After 3 years of trying to concieve we finally decided a few months ago to go to a Fostering & Adoption orientation. My parents came with us as they were also interested in fostering as well. The orientation was very informative and pretty much what I expected of it. We have the paperwork all filled out but have yet to get the required police checks.
It’s not a decision we just came to a conclusion on quickly before going. It’s something for me that has been in my mind since I was a teenager and my parents adopted my brother and when we first got together and the relationshop got serious even before we experienced infertility issues it was something I brought up and he agreed with me that he would love to foster and/or adopt with me.
As I mentioned the forms are all filled out. We just have to get the police record checks done and submit it. I’ve been sitting on it a bit because I need to call and clarify which of the checks we need to get done and submit with the application. We decided first on fostering and maybe adopting down the road.
There is such a great need for foster homes, especially for children with disabilities and for babies. I’ve just also been holding off hoping to get our schedules and little more open because we spend hours getting to and from work each day added to working 8 (me) and 9 (him) or more hours a day. If we foster there is no parental leave so I was hoping one of us could get on a day shift and the other a night shift so that we only paid for childcare for a few hours each day but that’s not working out so well as neither of us can get days, they wouldn’t even give it to me for valid medical reasons after I first got diagnosed.
I kinda feel like we are juggling health and logistics problems with our desire to be parents and it’s not really working out to well for us.

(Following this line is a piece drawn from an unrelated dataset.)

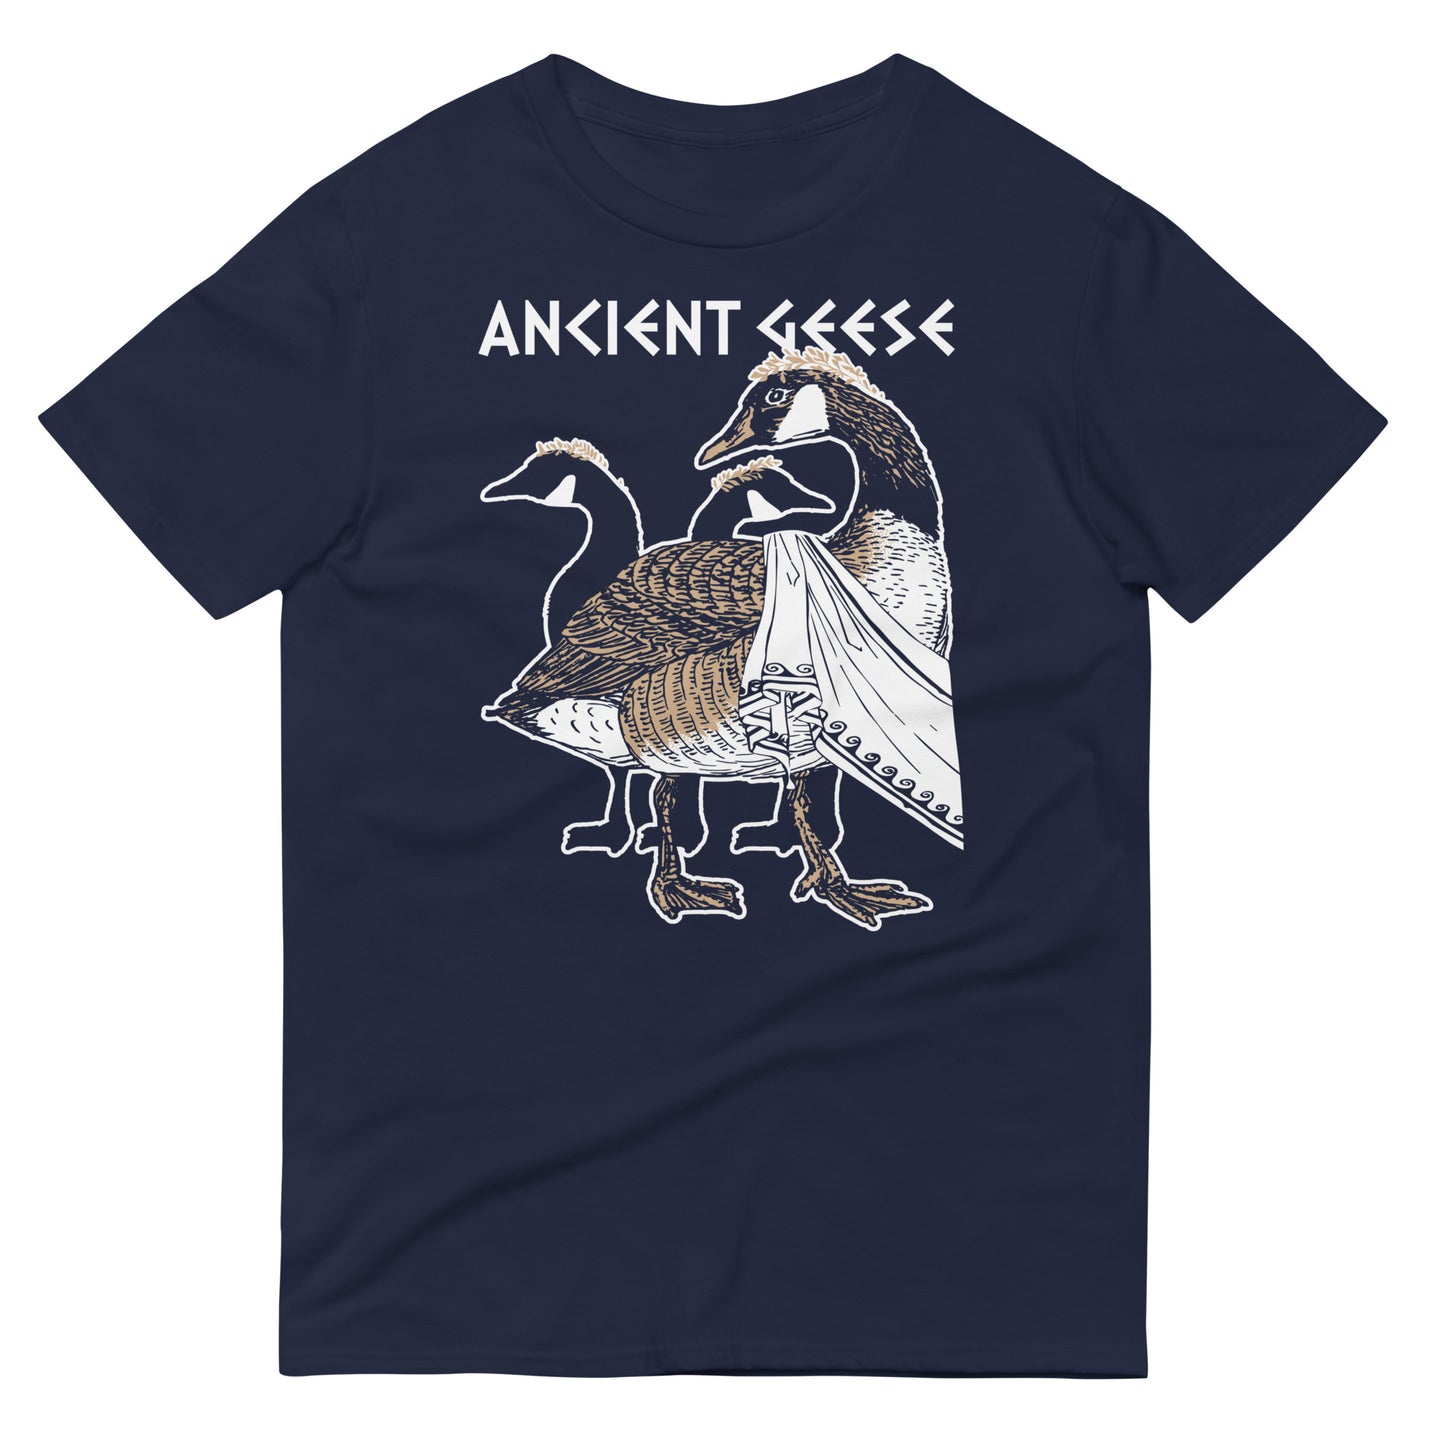 Ancient Geese Men's Signature Tee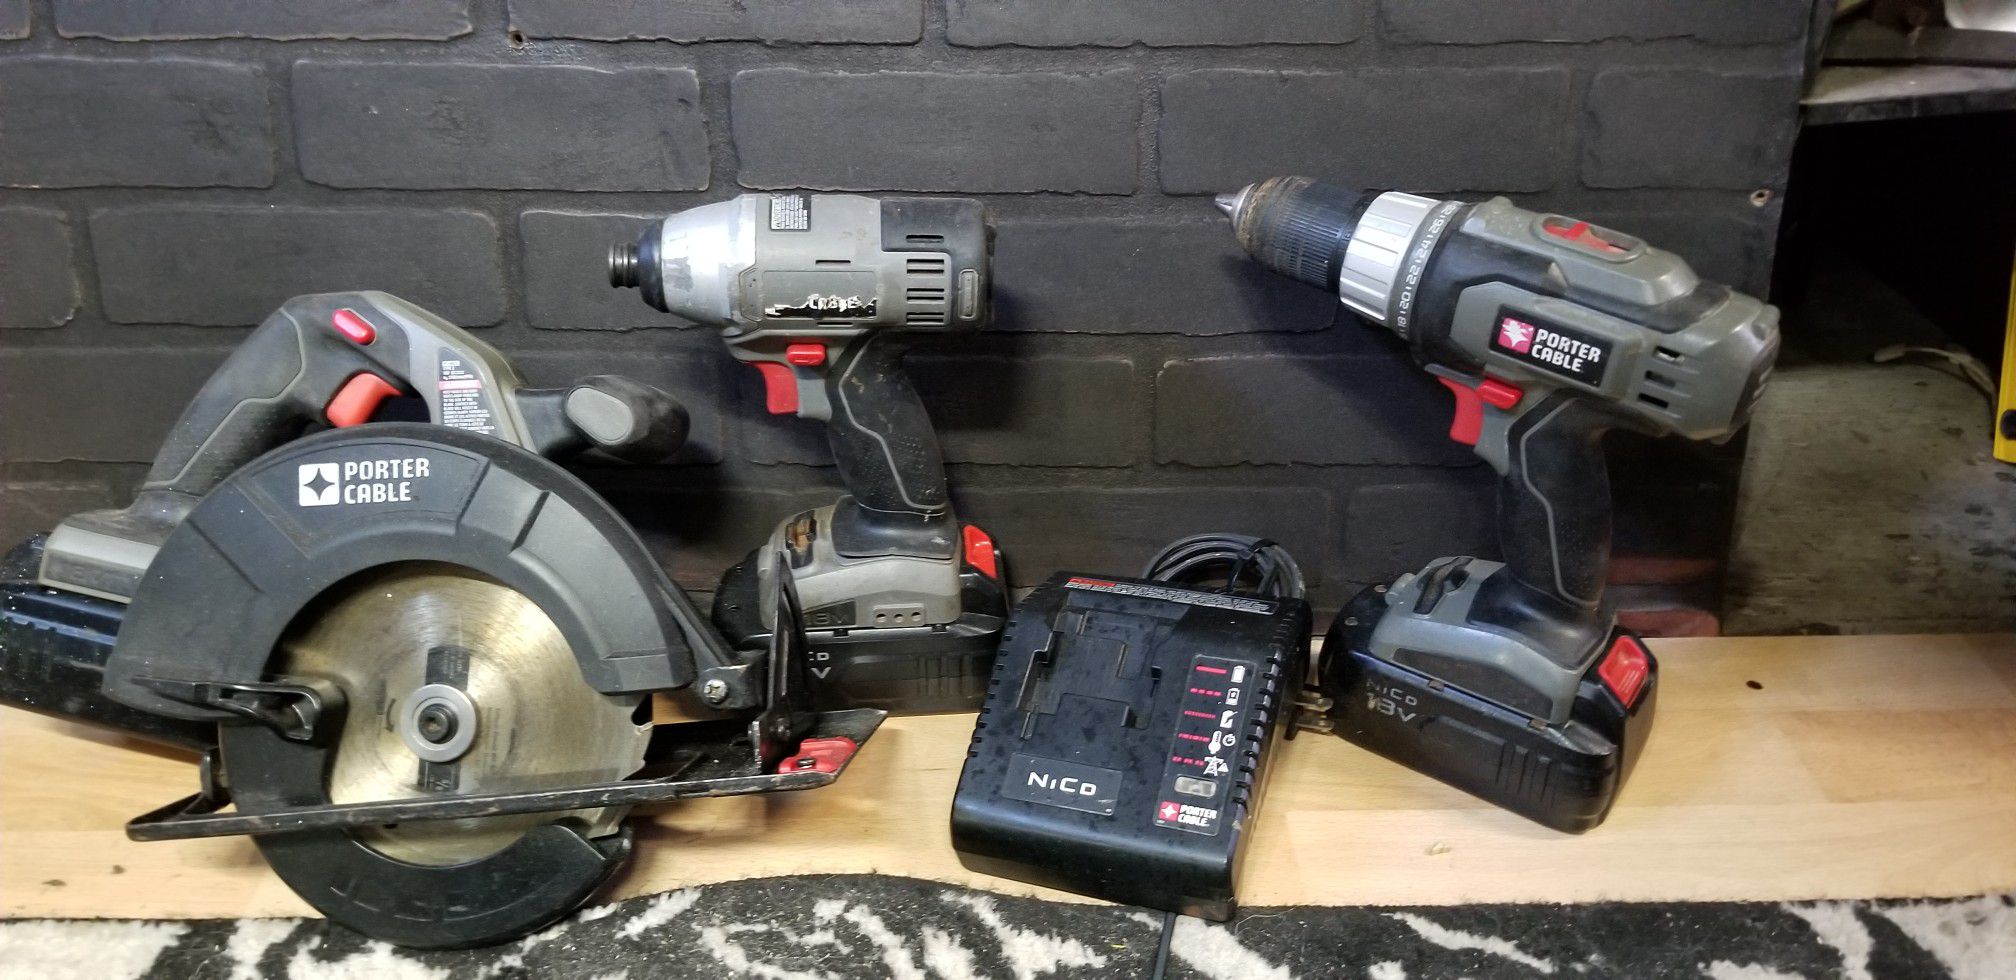 18v Porter Cable .Drill and impact and circular saw.

At one point in my life before Edward my desire to be a parent (I was all for adopting on my own or fostering) was hampered by dept and financial issues and in the case of pregnancy lack of a partner. Now that everything seems to be on track in those departments now there is infertility, health issues, and logistical issues with just never being home. I don’t want us to be parents that never have the time to spend with our kids. so we just have to find and make the time. Eventually hopefully everything will fall in place. We haven’t given up on pregnancy yet. We know what the issue is, it’s just a lack of finances and resources to try and overcome it which is so frustrating. Right now we are just hoping for a miracle but we really need to stop stalling and get the paperwork in so that we can become the parents I know we were meant to be.